Makin Berbahaya, Makin Istimewa
Trekking di Merapi Saat Kondisi SiagaSenin, 25 Oktober 2010 – 10:33 WIB
Untungnya, kemarin aktivitas Merapi belum bertambah sehingga rombongan bisa sampai ke Bukit Miji, daerah aman terakhir yang diizinkan. Sayang, ketika sampai di sana sekitar pukul 07.00, puncak Merapi tertutup kabut tebal. Cuaca juga mendung sehingga sinar matahari redup. "Wah, sayang sekali. Sudah sampai sini tapi tidak bisa lihat puncak Merapi," ujar Lawrence. Karena ingin melihat puncak Merapi, rombongan tinggal di sana lebih lama. Namun hingga beberapa saat, kondisi cuaca tidak membaik. Sehingga kami harus rela turun tanpa melihat puncak Merapi.
"Kita coba di titik lain di bawah ini. Siapa tahu dari situ bisa melihat," kata Awuy memberikan harapan baru. Di salah satu bukit, kali Kuning mengalir di bawahnya, kondisi cuaca sedikit lebih baik. Puncak Merapi, lengkap dengan awan putihnya yang menggumpal dan menandakan aktivitas vulkanisnya, terlihat sekilas. "Lumayan bisa sedikit melihat. Kabutnya tebal sekali, jadi langsung puncak langsung tertutup lagi," kata Silvan.

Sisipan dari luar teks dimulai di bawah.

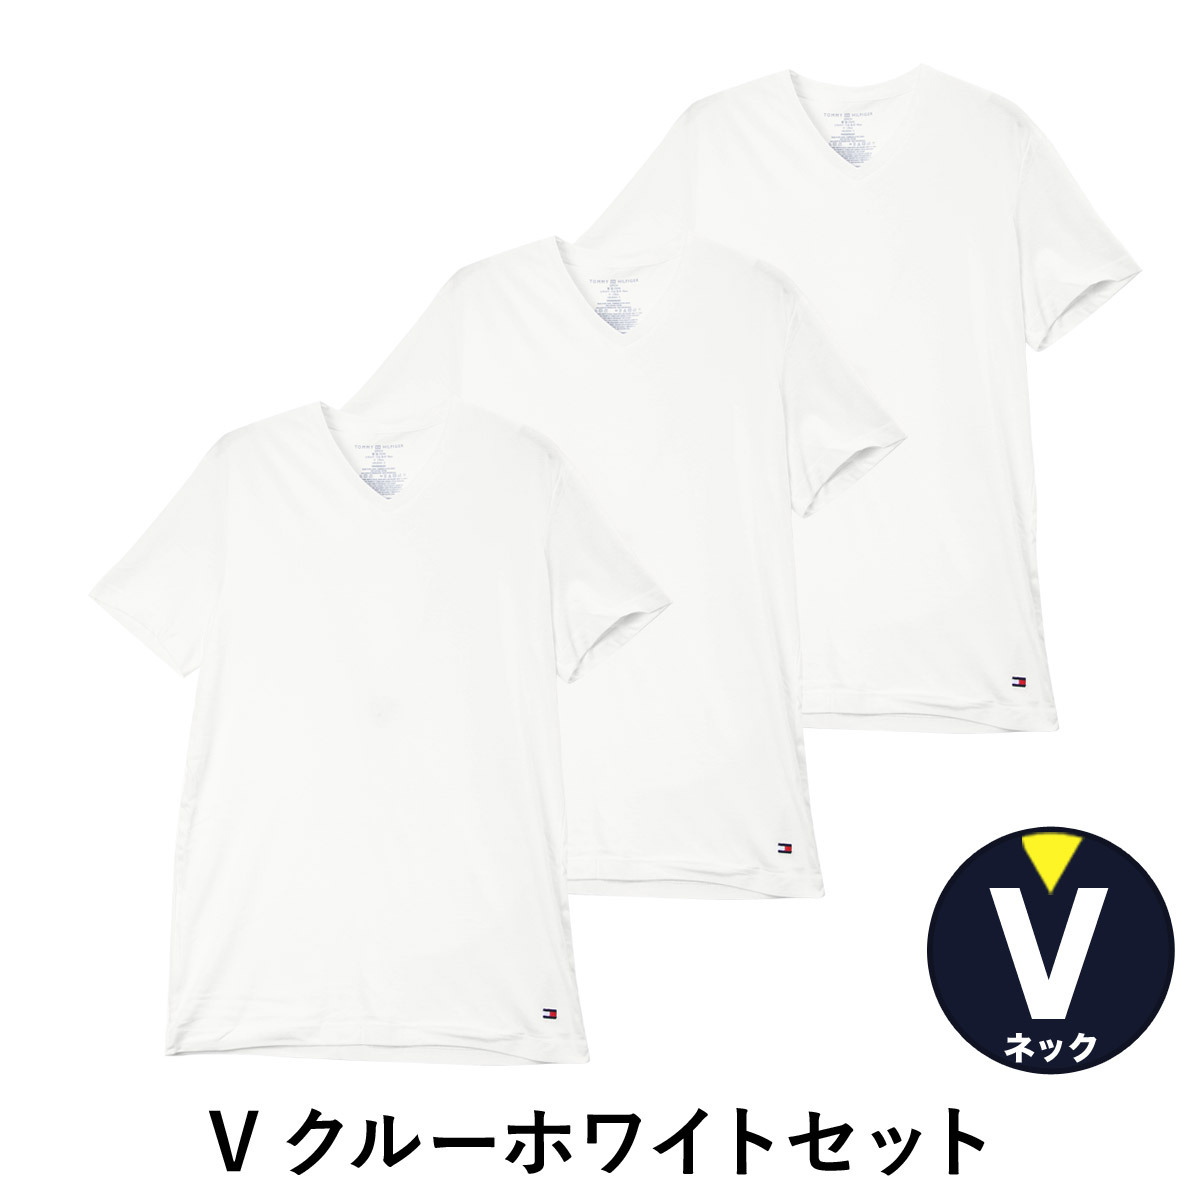 Tシャツ 半袖 3枚組 セット メンズ クルーネック 無地 Classic S/ M/ L/ XL/ 3L/4L 大きいサイズ まとめ買い ブランド  TOMMY HILFIGER :09tcr01:ブランド下着ならCrazy Ferret - 通販 - Yahoo!ショッピング

Di titik itu, kami sempat mendengar suara reruntuhan batu besar dari Merapi. Suaranya terdengar cukup keras, dan bisa-bisa membuat panik orang yang tidak terbiasa mendengar. Tapi laporan dari pos pemantauan mengatakan, kondisi masih cukup aman sehingga kami tidak merasa khawatir." Sambil berjalan pulang, Awuy menjelaskan kondisi di lereng Merapi pascaerupsi. Erupsi terbesar terjadi 1906. Erupsi itu mengubah topografi Merapi dan menciptakan beberapa sungai. "Batuan di sungai-sungai itu sebenarnya lava yang sudah membeku," paparnya.